Ravin approaches the flawed subjects of his American gothic tales with empathy. Even with the slight twang he affects when singing, that compassion lends his music authenticity — a quality sometimes in short supply in the crowded Americana field.
Ravin's music is genuine because he is. While he may have had designs on stardom in his earlier years, he's now embraced music not as a vehicle for fame but as a way of life. You can hear that in his songs.
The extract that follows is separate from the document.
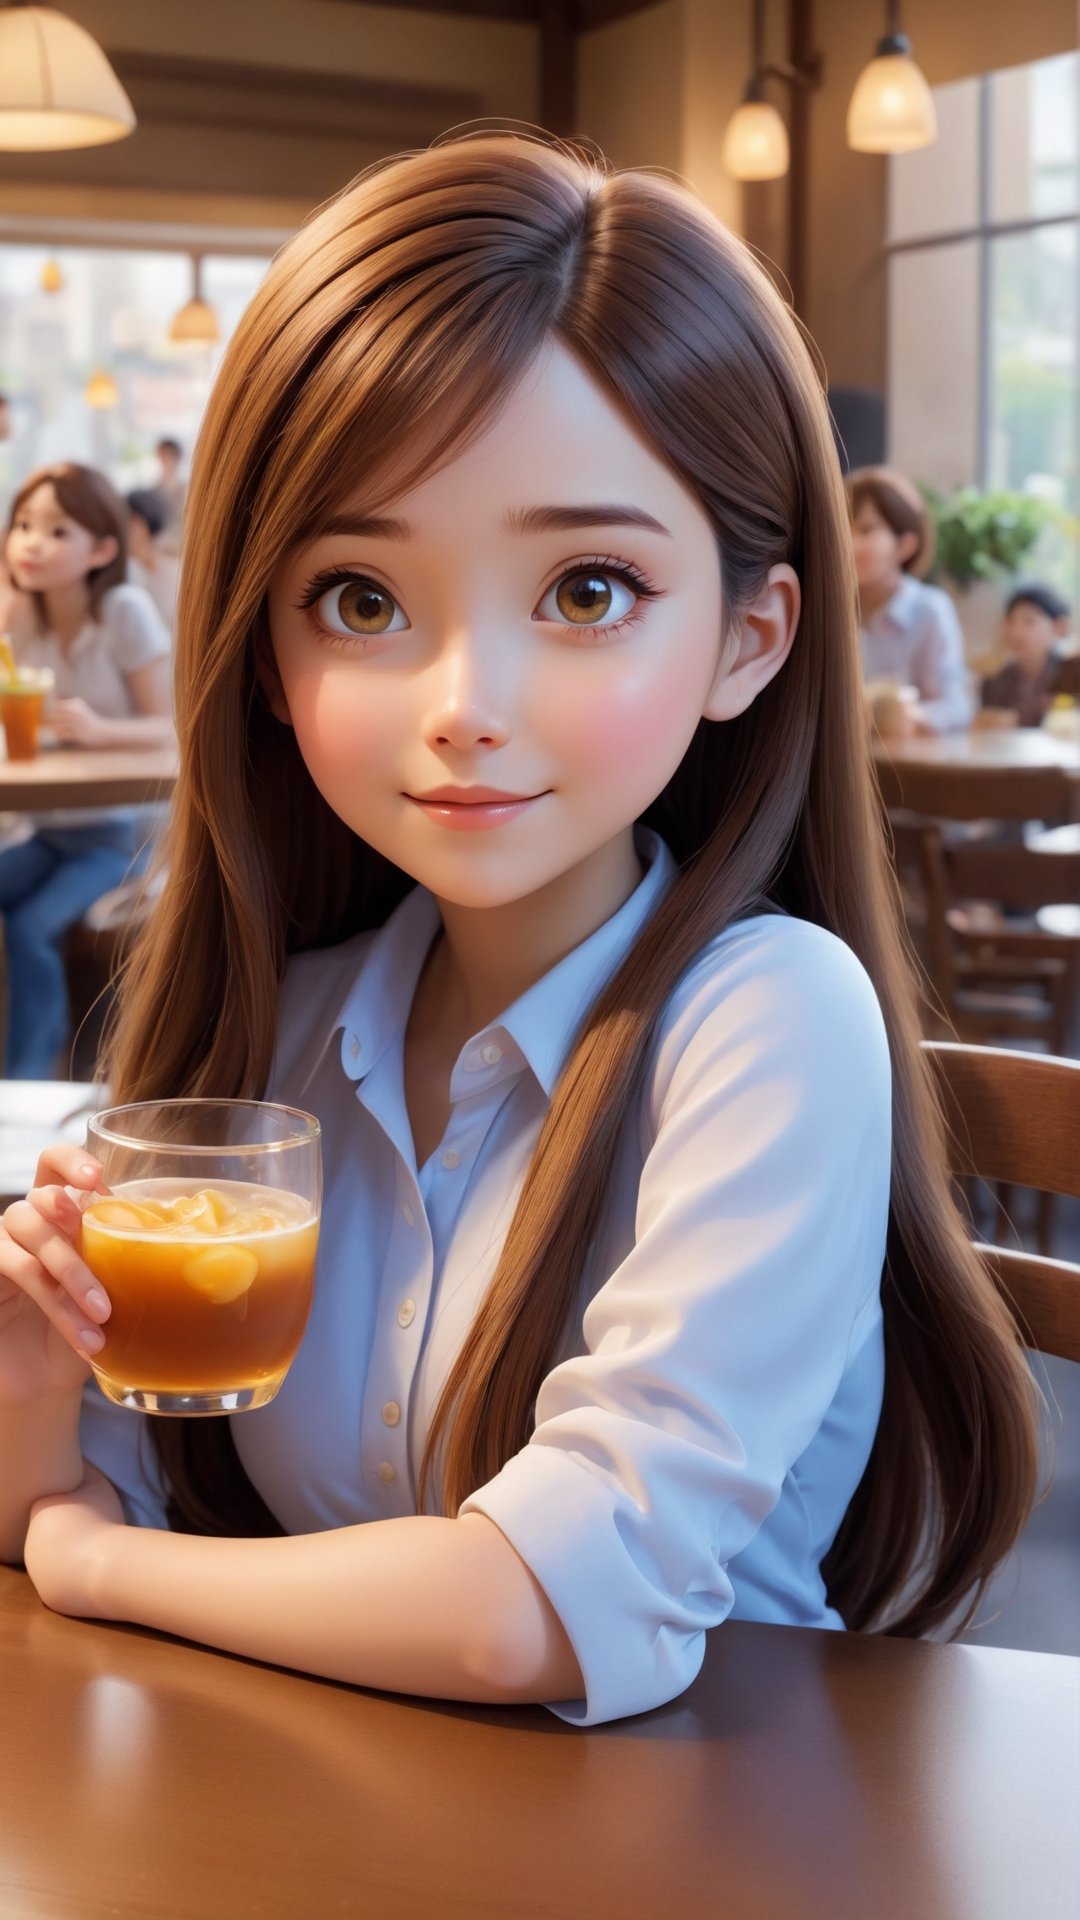 Pixar anime movie scene style, Disney anime scene style, an anime girl drinking at a table, in the style of realistic images, childlike, realistic lifelike figures, he Jiaying, white and brown, cute and colorful, shiny/glossy, Realistic photograph, high quality, portrait photograph

When we part ways, Ravin gives me a bear hug and saunters off to his pickup truck, where Ron waits patiently in the passenger seat. In the back is the baby's car seat, along with an amp and a guitar case. It was probably a scene just like this, heading home some night after a gig, that inspired one of the most affecting lines in "Engine." Its sentiment should be the centerpiece of Ravin's next great album: "I'm going to pack it up and get my ass home / because I'm never going to leave you alone."
(Disclosure: Kelly Ravin is married to Seven Days calendar writer Kristen Ravin.)
Correction, September 21, 2016: The song Kelly Ravin wrote for his daughter Virginia is called "Engine." A previous version of this story contained an error.